Making better business decisions

Al Sisto

Blog by: Al Sisto - 8 / Feb / 2017

Whether a start-up or multi-national, organisations of all sizes face the constant challenge of making reliable, consistent and faster decisions to stay ahead of the competition and adapt to changing industry dynamics.

Sometimes, the methods we use to make decisions create additional challenges from the start. Here are a few ways to ensure you make well-informed decisions…

Learn to live with uncertainty

No amount of data and research can completely eliminate the doubt about what’s going to happen. Almost all of forecasting is using the past, or sample data, to predict the future. Remember that decisions are based on probability. Don’t wait for absolute certainty because you’ll almost never get it and delaying a decision can sometimes be more damaging than making the wrong one. Work for the educated guess and make your guesses as educated as you possibly can.

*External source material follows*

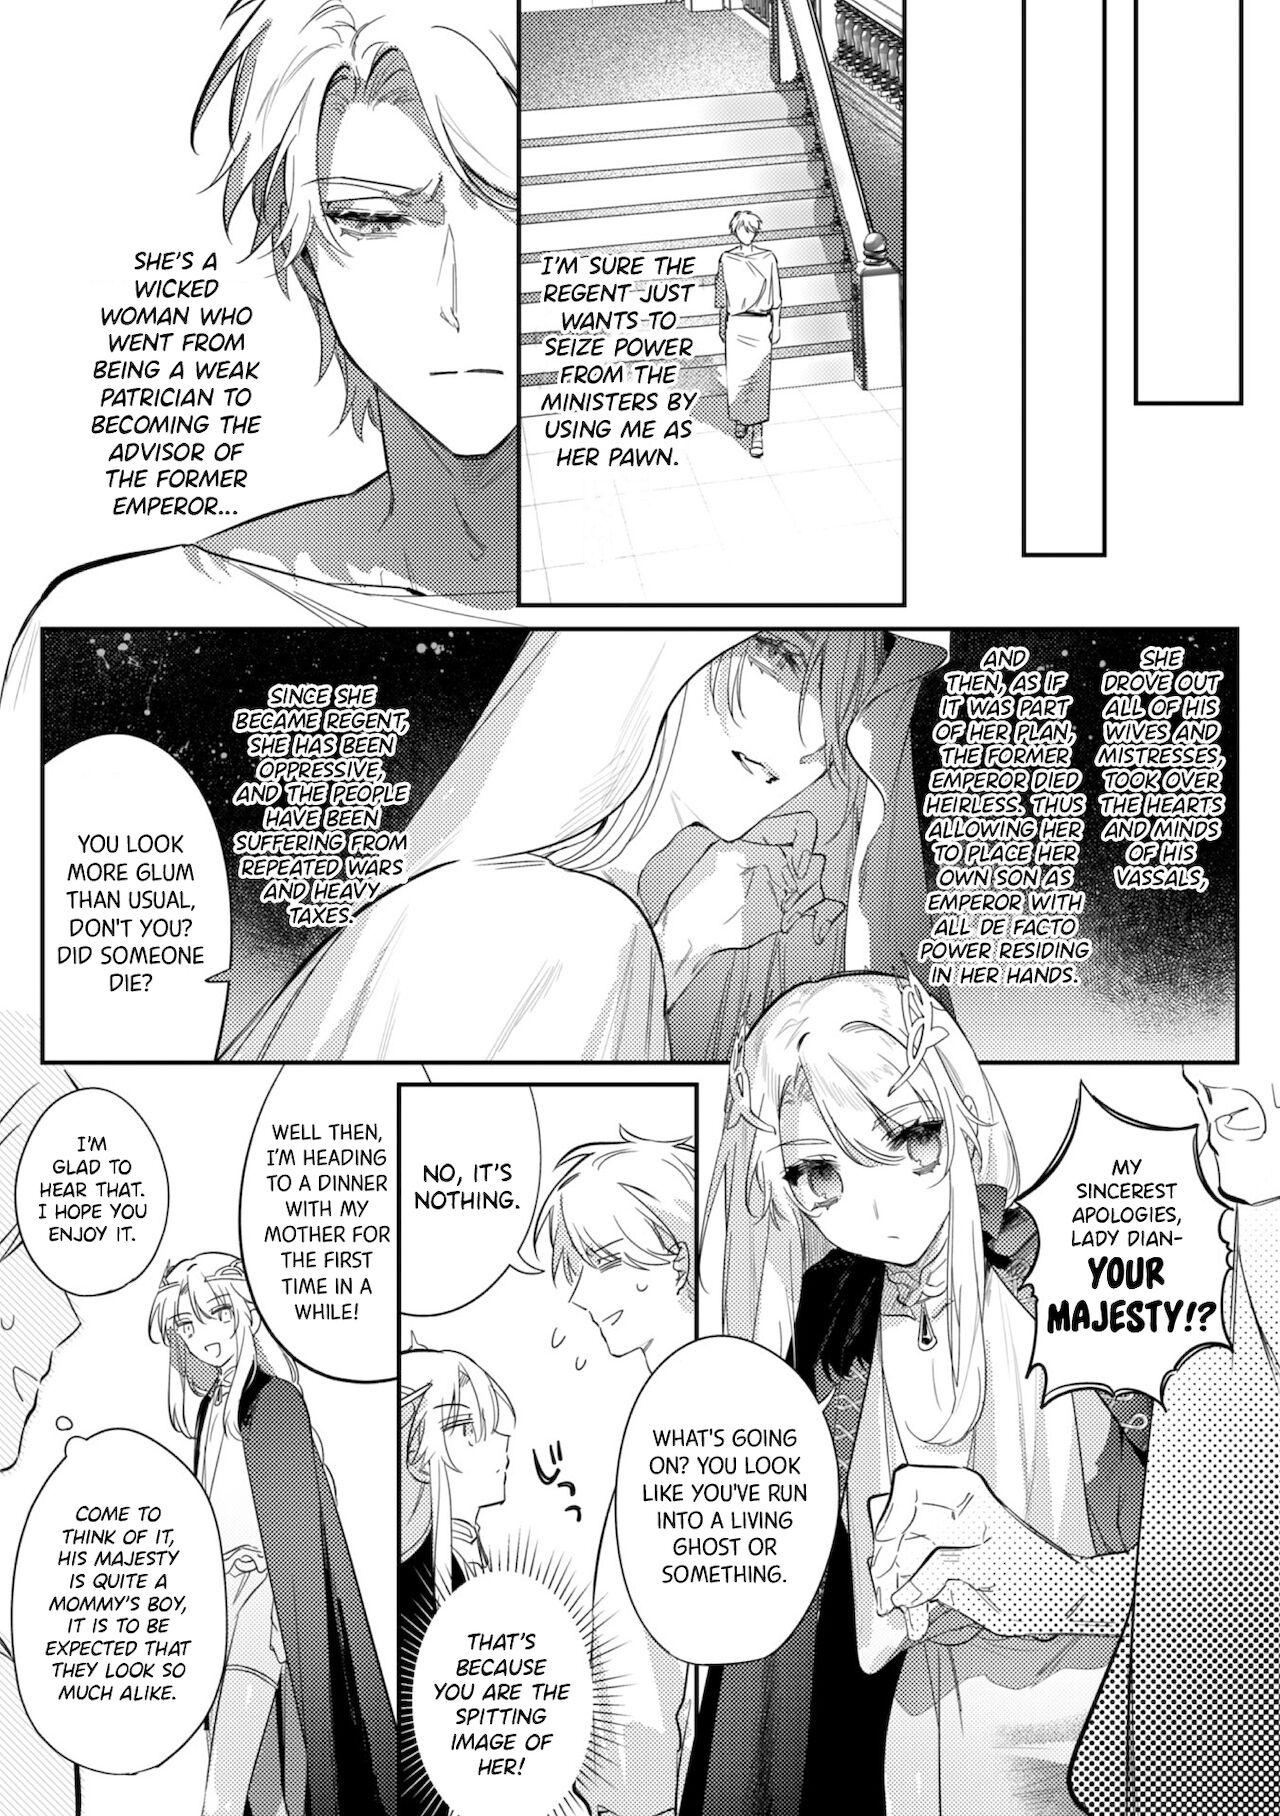 Harcore [Hagiyoshi] Intou Kyuuteishi ~Intei to Yobareta Bishounen~ Ch. 3 | Records of the Lascivious Court ~The Beautiful Boy Who Was Called the “Licentious Emperor”~ Ch. 3 [English] [Black Grimoires] Gym - Page 3

Accept not every decision is yours to make

In the early days of a startup, everybody shares decisions. As a business grows, by necessity, it develops departmental expertise. If you’re doing your recruitment well then you’ll have surrounded yourself with functional experts who really do know more about their subject areas than you. So, let the marketing people decide the colours for the packaging, and the finance people decide how to fund working capital. And you as the owner, ultimately, have to decide strategy.

Take a break

When faced with a tough decision, step away from your desk and take time to collect your thoughts and reflect. Give yourself time to go for a run, take the dog for a walk or even have a nap – whatever allows you to refocus on the big picture. This will ensure you’re in the right frame of mind to make a difficult decision.

Separate your emotions

When tensions and emotions are inevitably running high, don’t react impulsively. Weigh the pros and cons, and ultimately consider the long-term effects of a decision. Sometimes the right thing to do is do change a course of action that will cost your company thousands of pounds. At one point in my career I had to scrap a multi-million pound research project, as it simply wasn’t getting the results we needed. It was a tough decision as the team had invested so much time, energy and emotion into the project, but the bottom line was, it wasn’t good enough and never would be.

Commit to a decision

Once you set on a decision, own it. See it through and if it happens to have been a mistake, keep moving forward and take the appropriate steps to correct your course. Not every decision will be perfect. But at the end of the day, all you can do is make the most well informed choice given the data and information you have at your fingertips.